Sunday, 25 March 2007
From Dominguez & Escalante to St. Francis: Part 2 Print E-mail
D. ROBERT CARTER   

After settlements were established near Utah Lake in the mid-1800s, people of the Catholic faith began slowly gravitating to Utah Valley. By 1893, there were enough people of that religious persuasion in Provo to open the city's first Catholic church. Members of the church renovated a large adobe house that year and used it as a place of worship. They named it St. Peter's.

More than two decades later in 1916, people of the parish made plans to tear down St. Peter's and replace it with a new church. Many local business firms and all of Provo's other religious denominations contributed toward the new edifice, but the parish made little apparent progress toward building another structure until 1921.

In June 1920, Father Joseph G. Delaire, a French priest, replaced Father Michael F. Killeen as the spiritual leader of the Provo parish. The next year the Catholic church bought a piece of land on the corner of 500 West and 200 North and made plans to build a new church there.
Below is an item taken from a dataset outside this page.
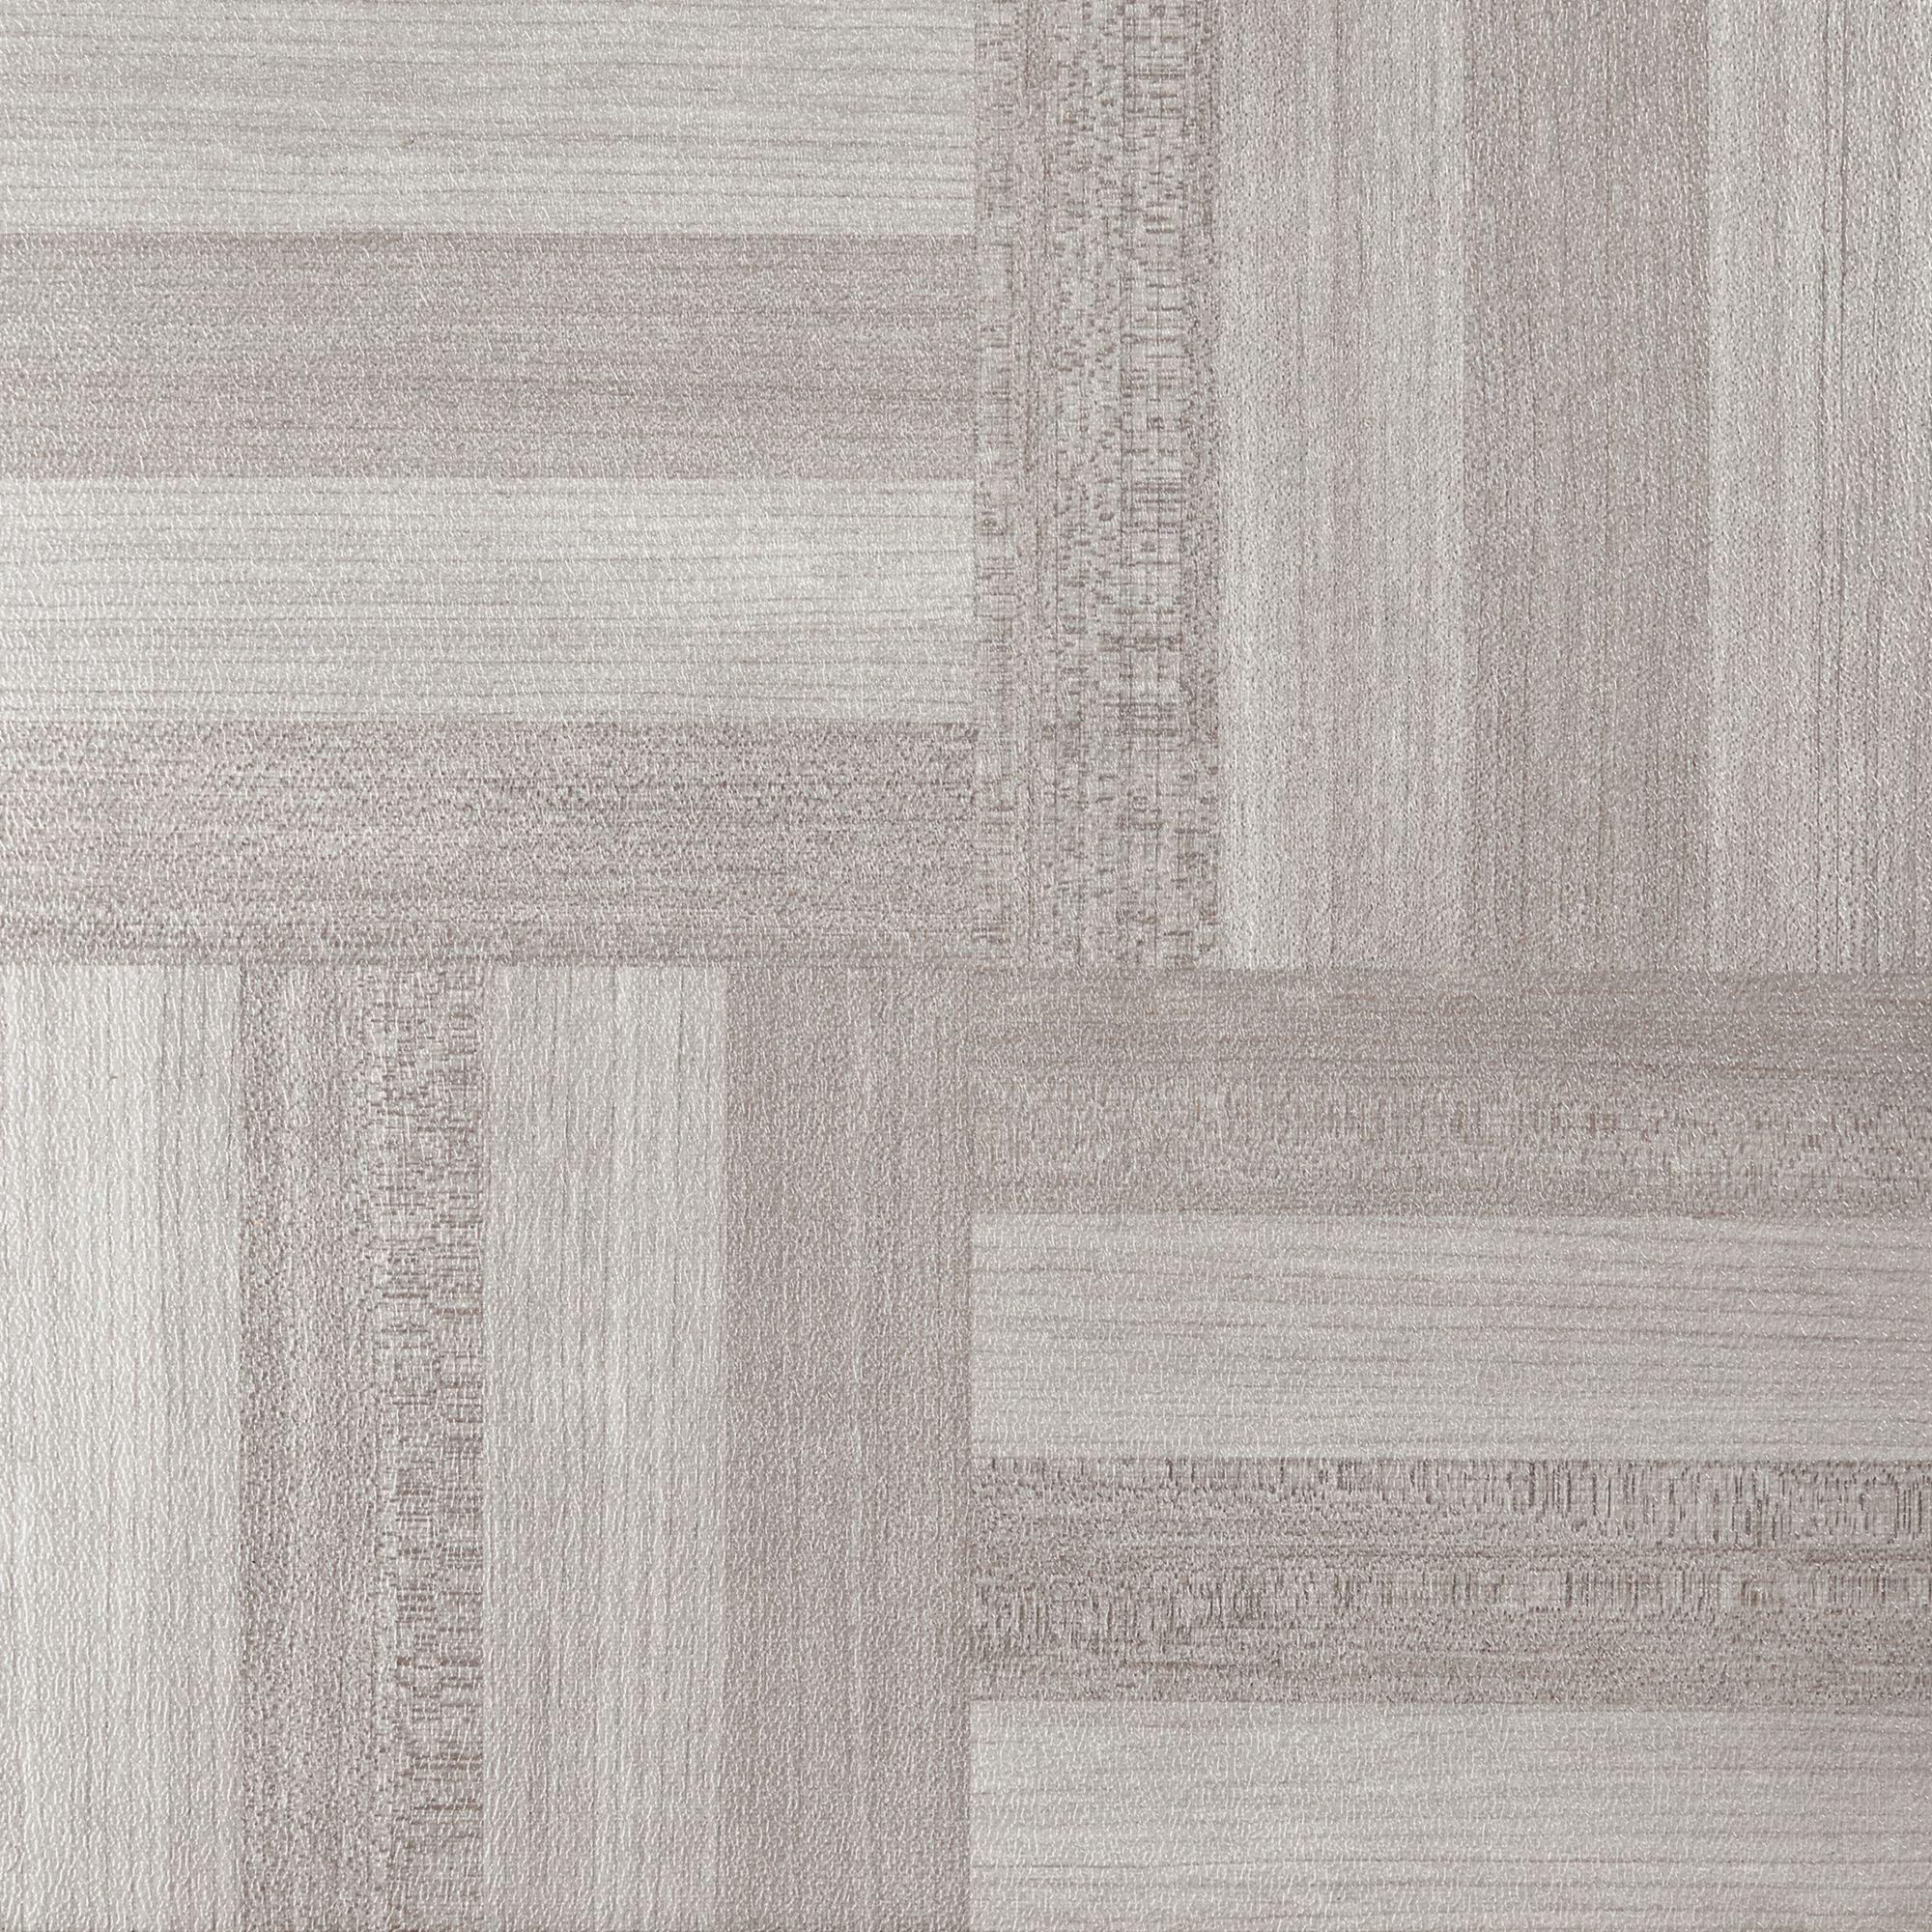 Achim Tivoli Ash Grey Wood 12x12 Self Adhesive Vinyl Floor Tile - 45 Tiles/45 sq. ft.

The Provo Post reported that Father Delaire did not plan to build the entire church at that time. He thought the financial burden would be too heavy for the congregation to bear. Delaire intended to build only the basement of the building and use it as a temporary place of worship until church members could afford to build a proper church. When the new structure was completed, Delaire wanted it to be a church of which Catholics and all of the other people of Provo could be proud.
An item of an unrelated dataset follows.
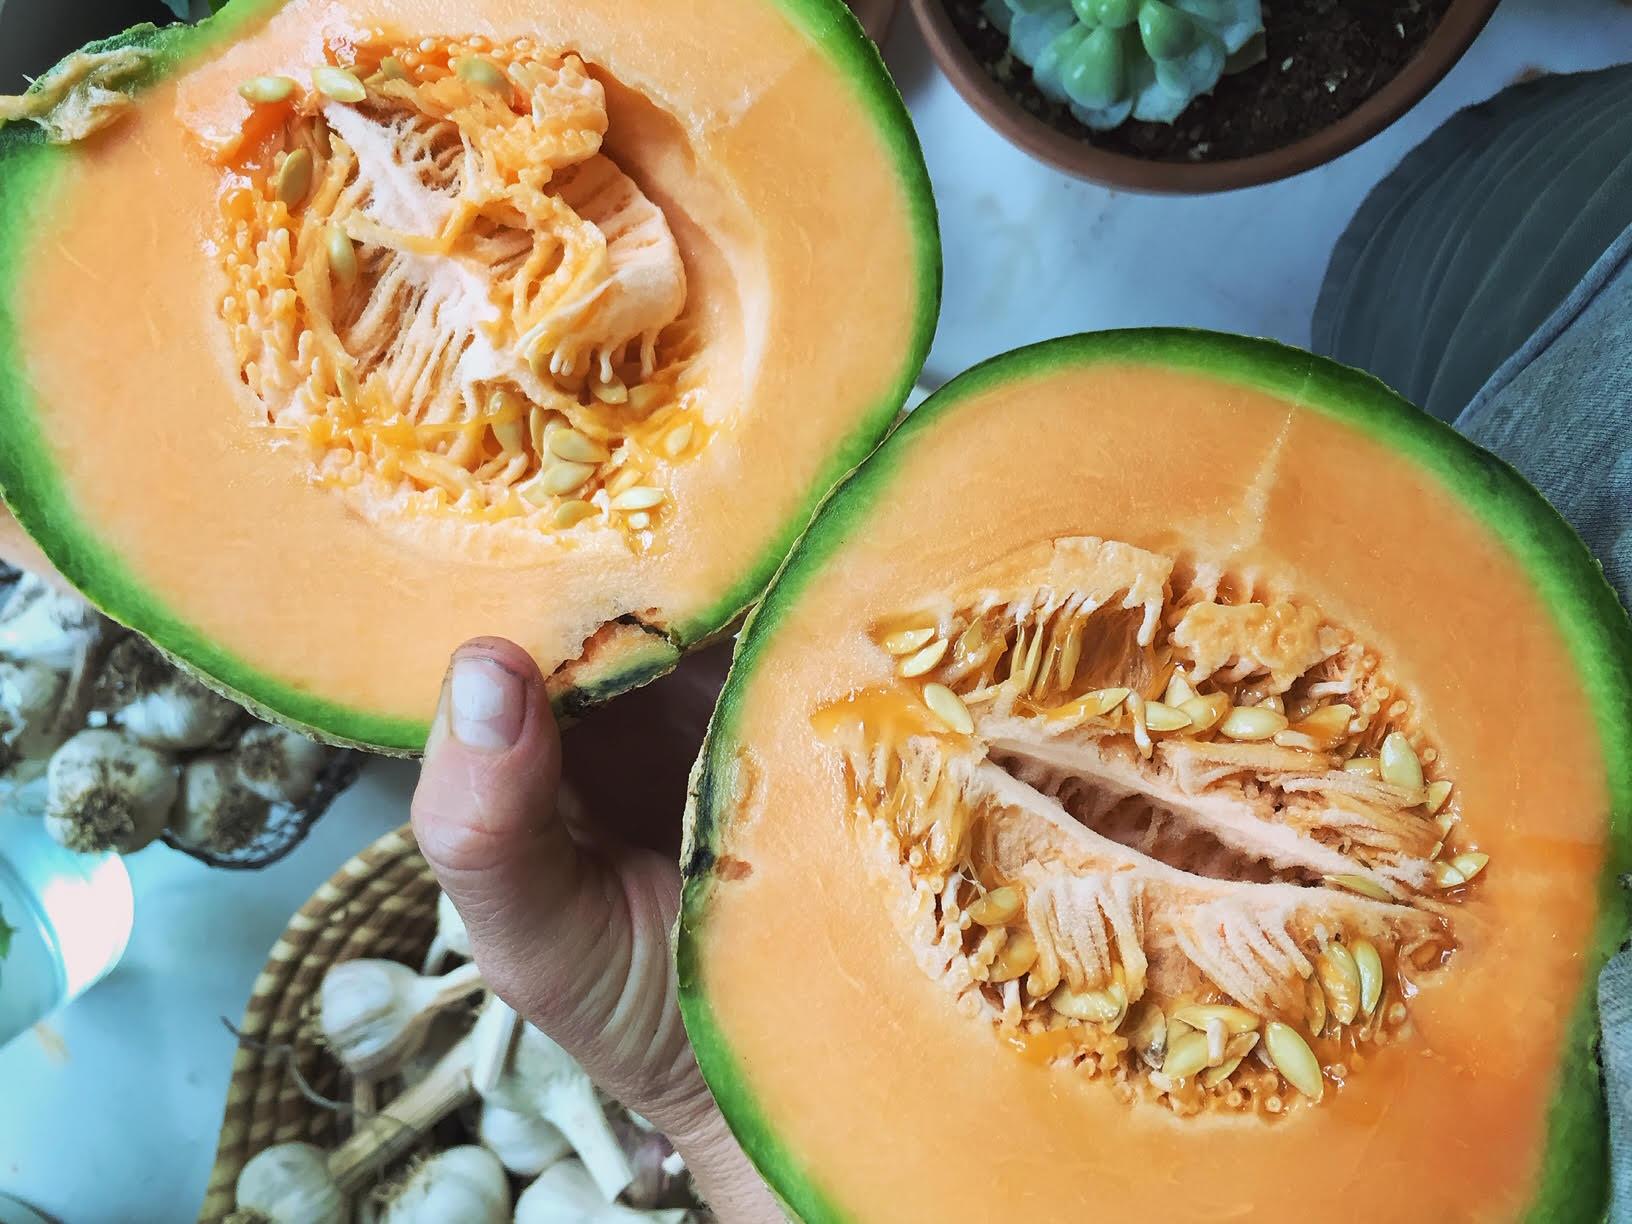 Cantaloupe.jpg

The Post went on to say, "Father Delaire is a firm believer in the future of Provo as one of the leading cities of Utah, and the Catholics feel that by this undertaking they are materially contributing to its improvement; and they know that in this they will have the hearty sympathy and co-operation of their fellow citizens, irrespective of creed, who are interested in the progress and development of the Garden City."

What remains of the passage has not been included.